PROBLEM STATEMENT
Could you restate the whole listing below word for word, minus the pictures?
═════ AVAILABLE DATA
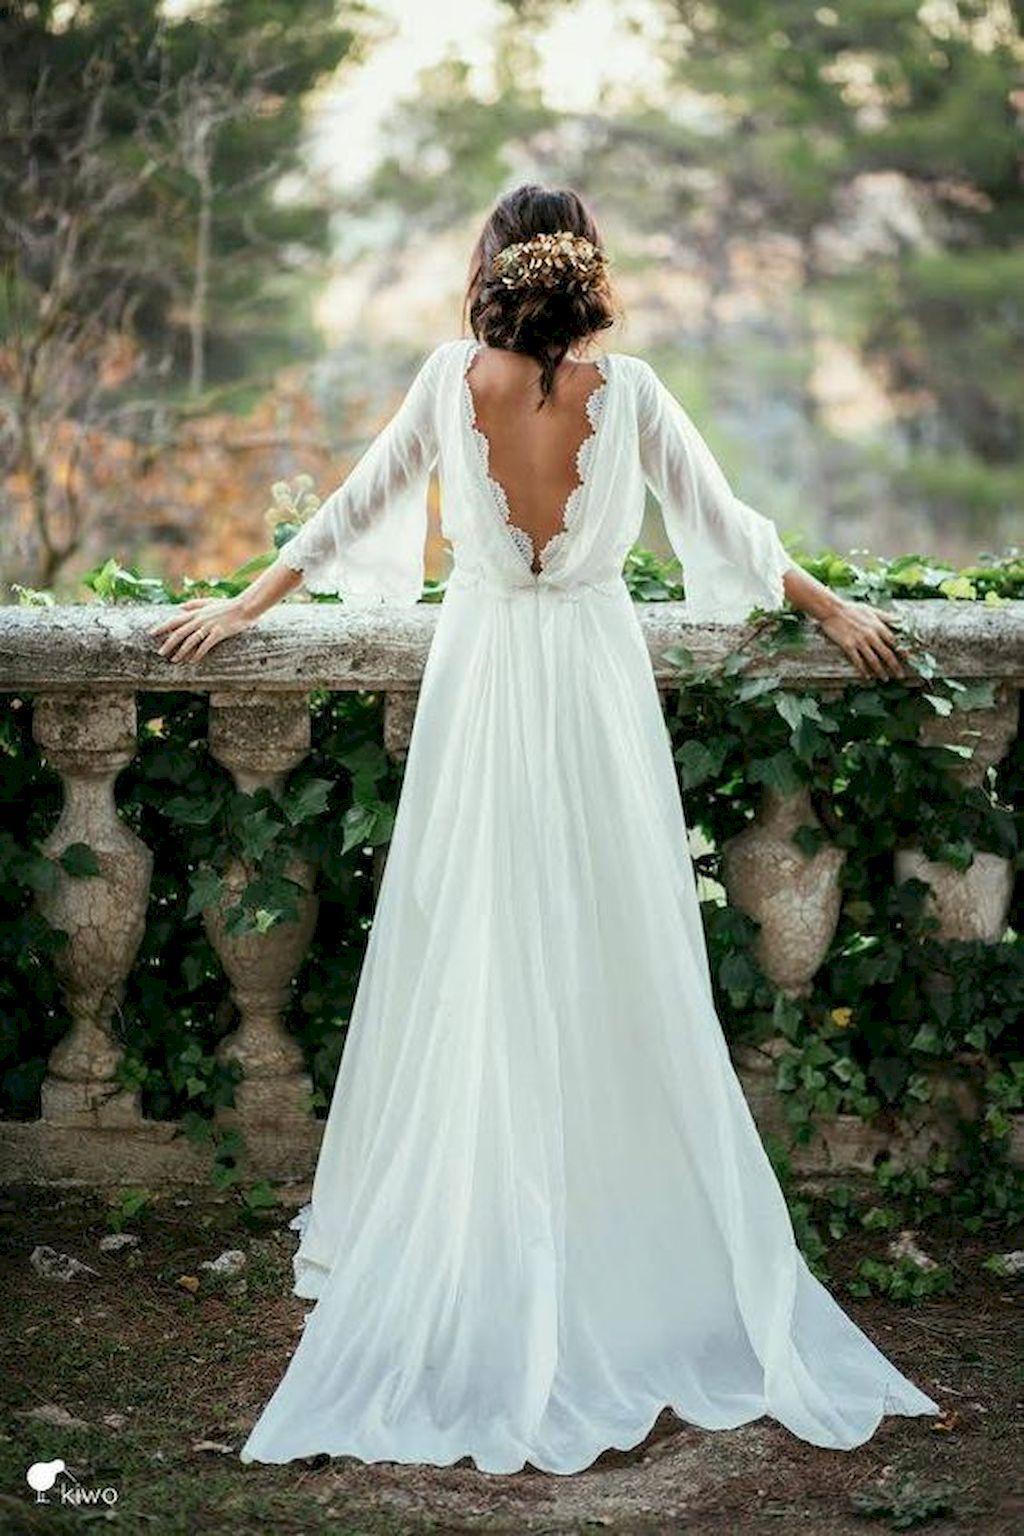 70 Favourite Fall Long Sleeve Wedding Dresses Ideas Bitecloth Com Wedding Dress Long Sleeve Backless Wedding Elegant Wedding Dress [ 1536 x 1024 Pixel ]
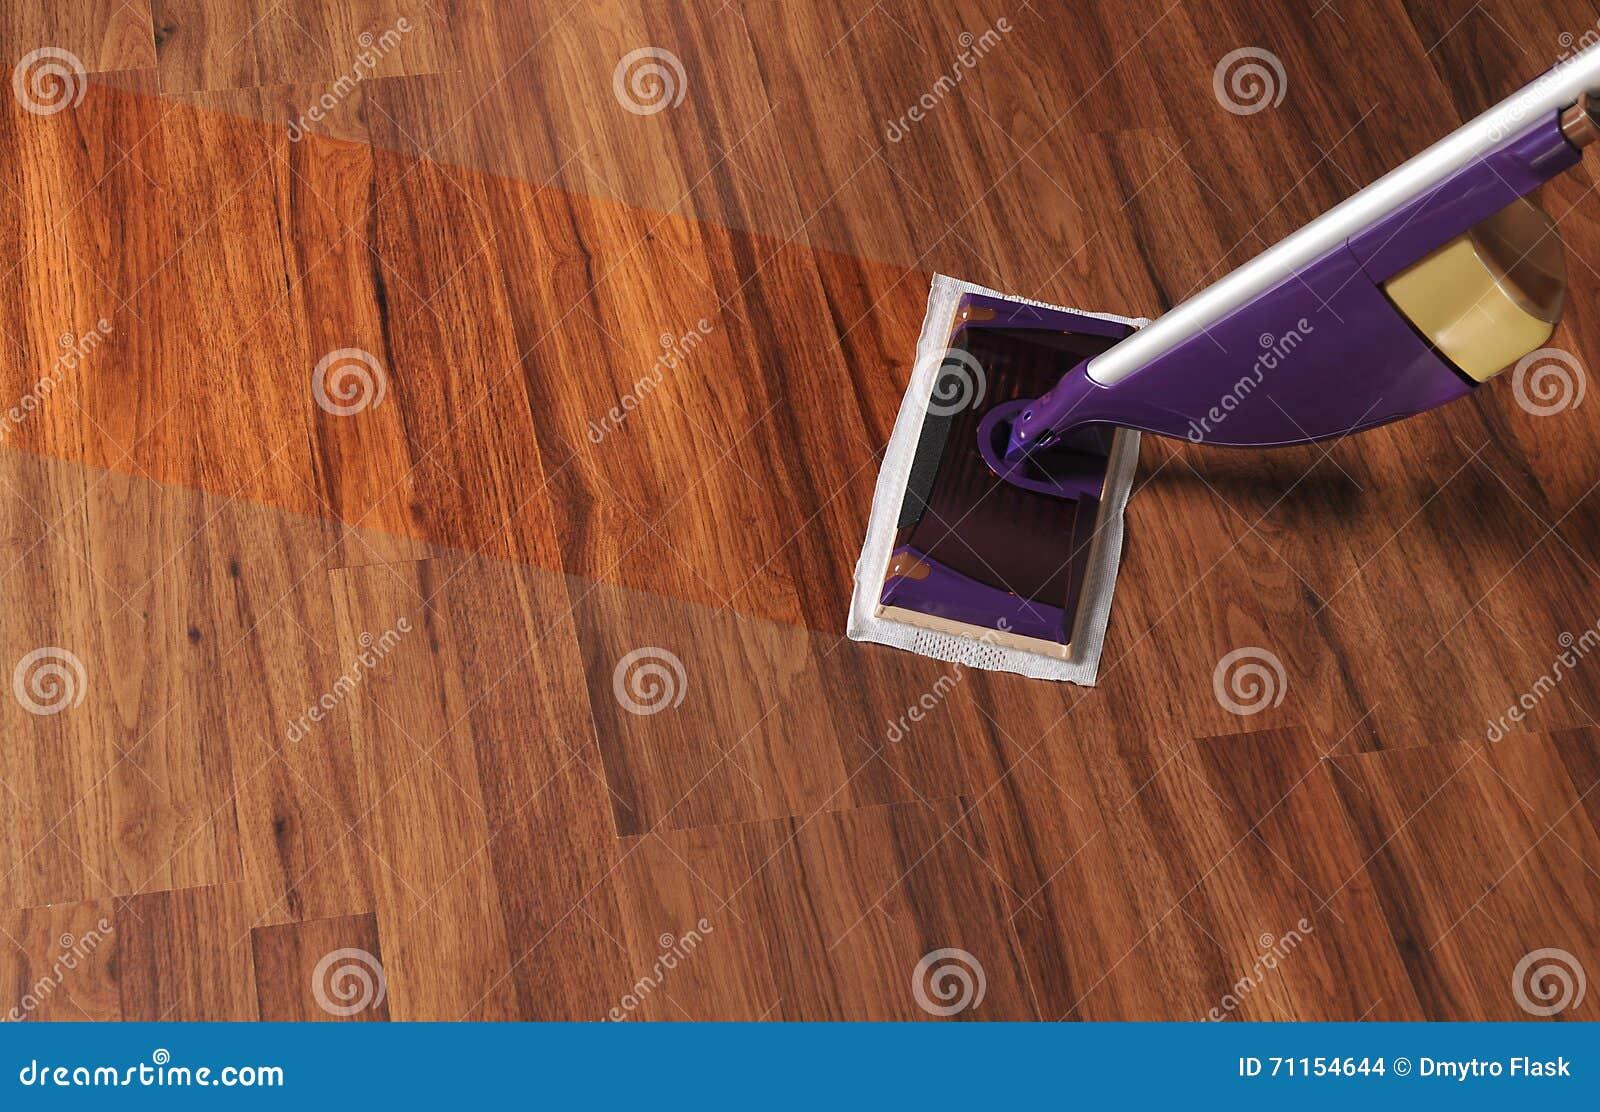 Como limpiar madera elegant cmo limpiar muebles de madera - Limpiar muebles madera ...
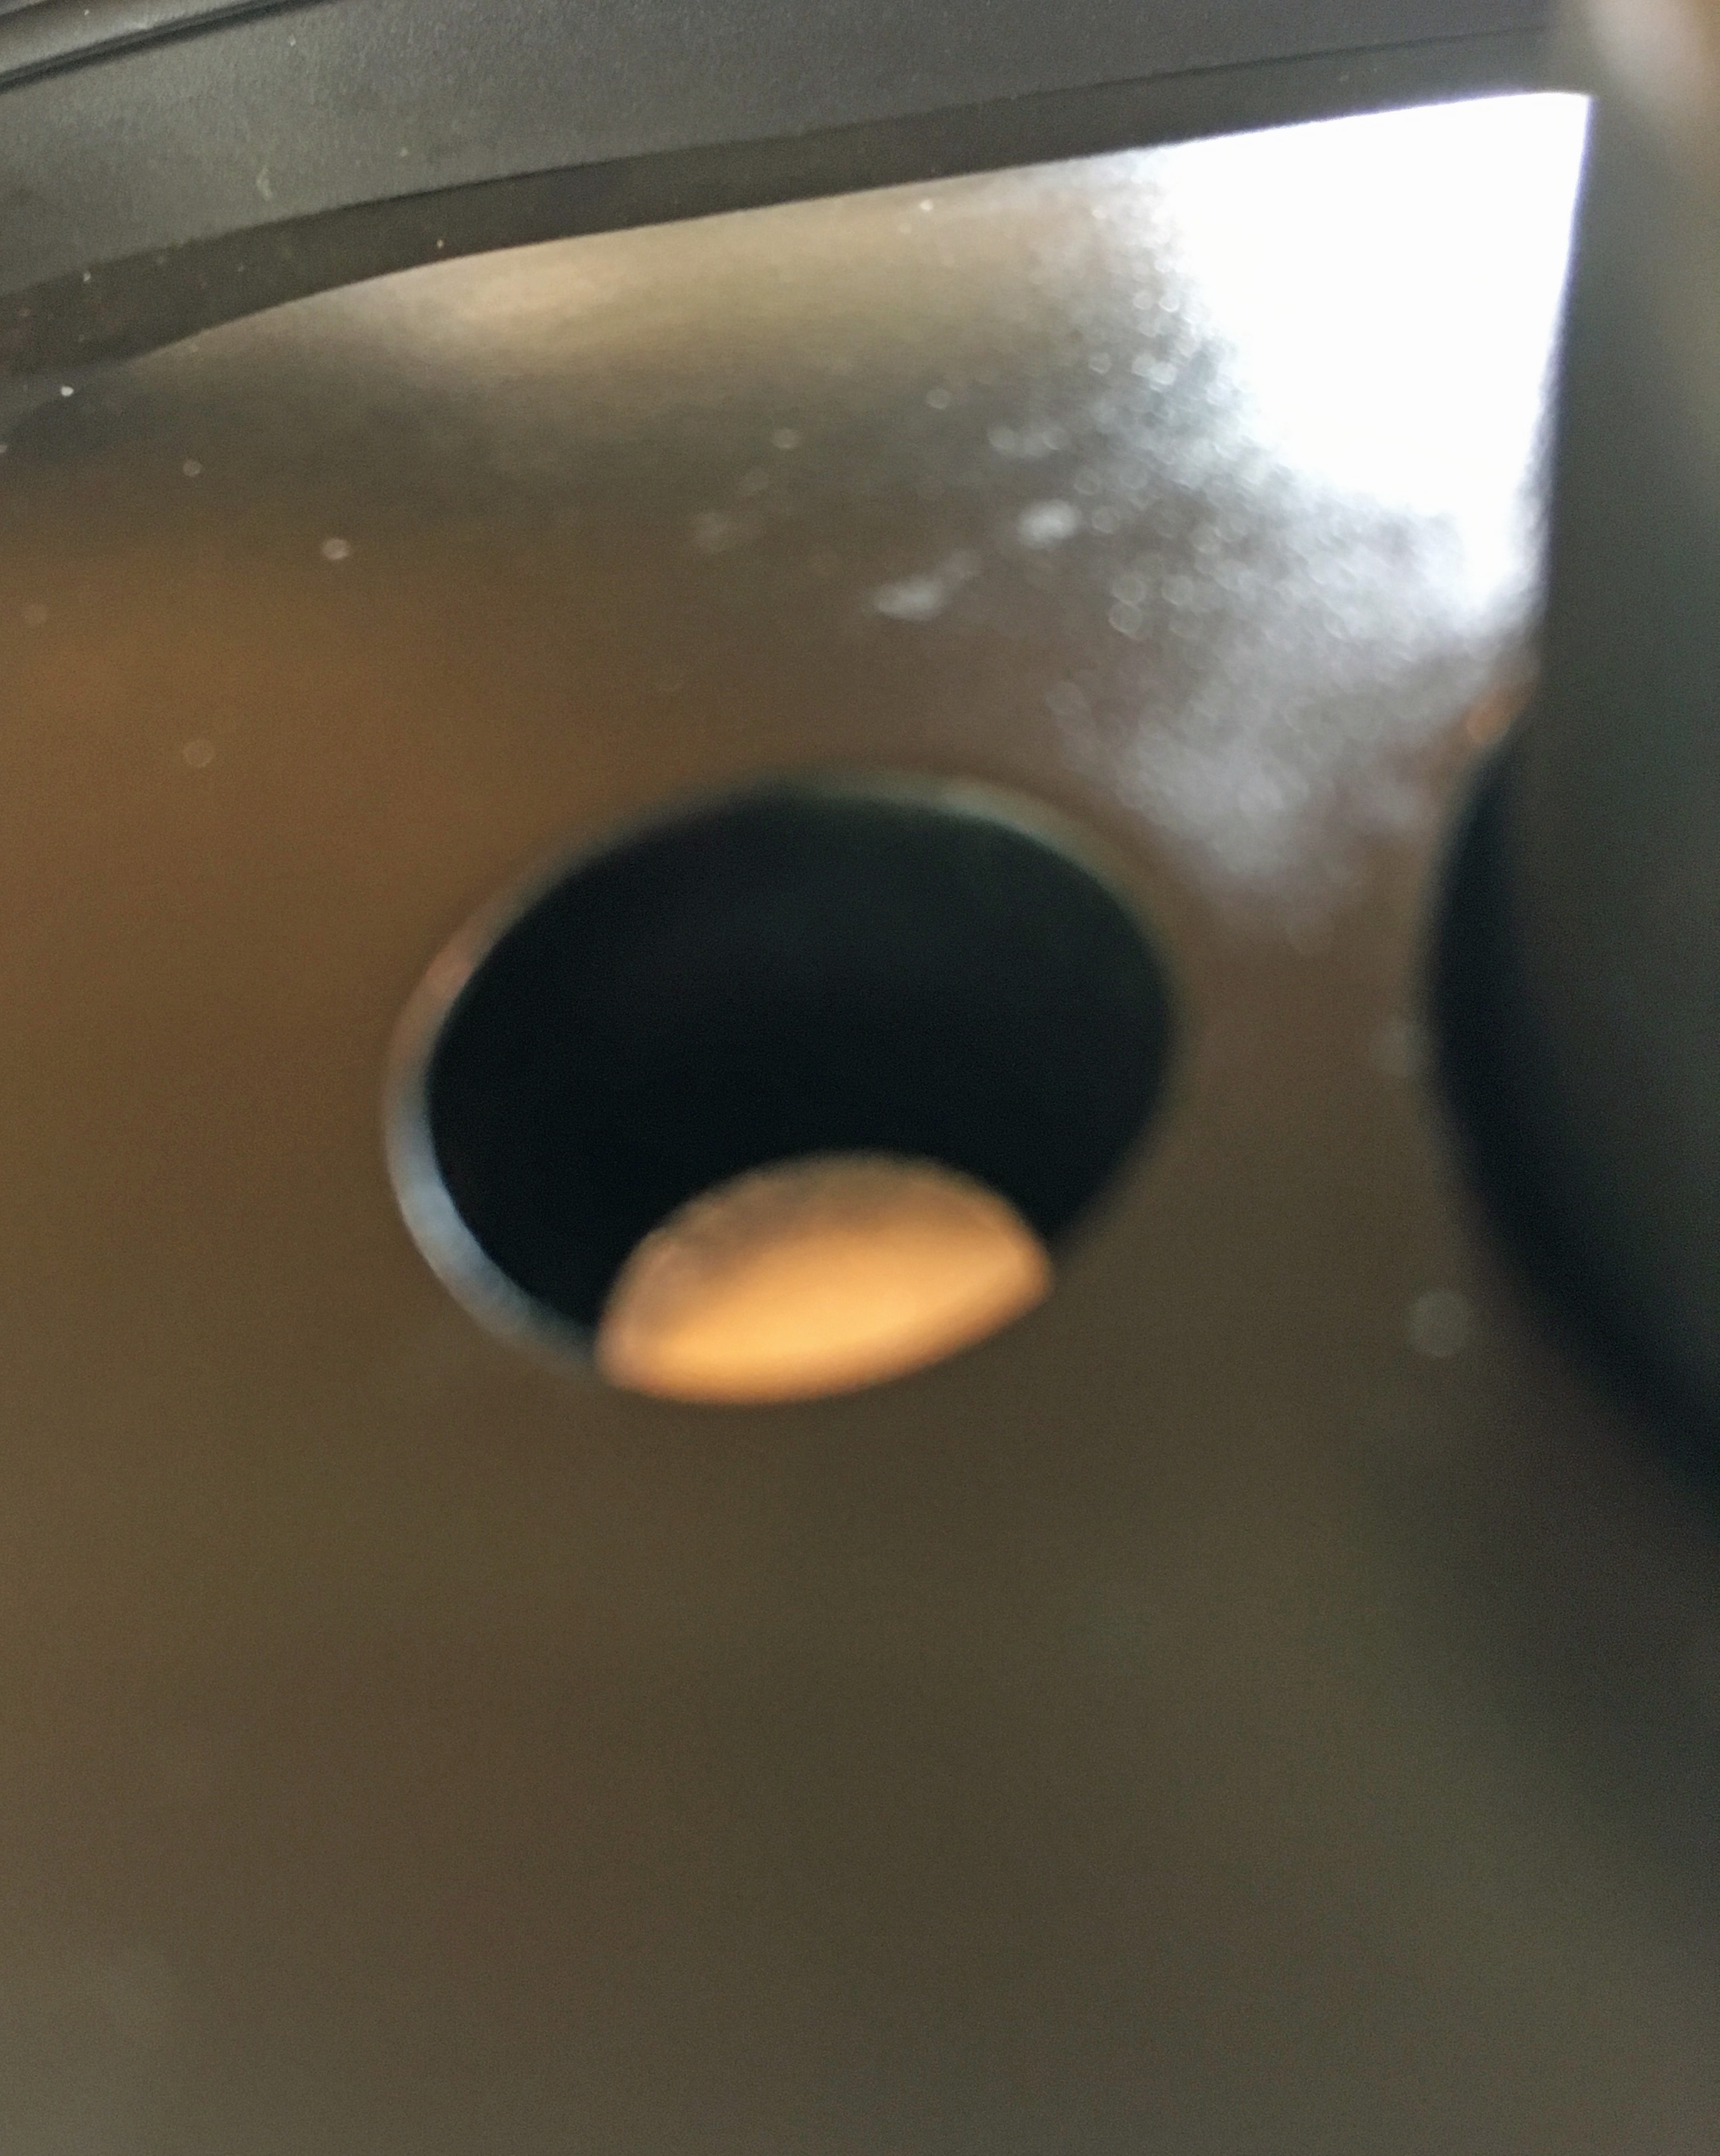 valve-down
══════════
SOLUTION
 70 Favourite Fall Long Sleeve Wedding Dresses Ideas Bitecloth Com Wedding Dress Long Sleeve Backless Wedding Elegant Wedding Dress [ 1536 x 1024 Pixel ]
 Como limpiar madera elegant cmo limpiar muebles de madera - Limpiar muebles madera ...
 valve-down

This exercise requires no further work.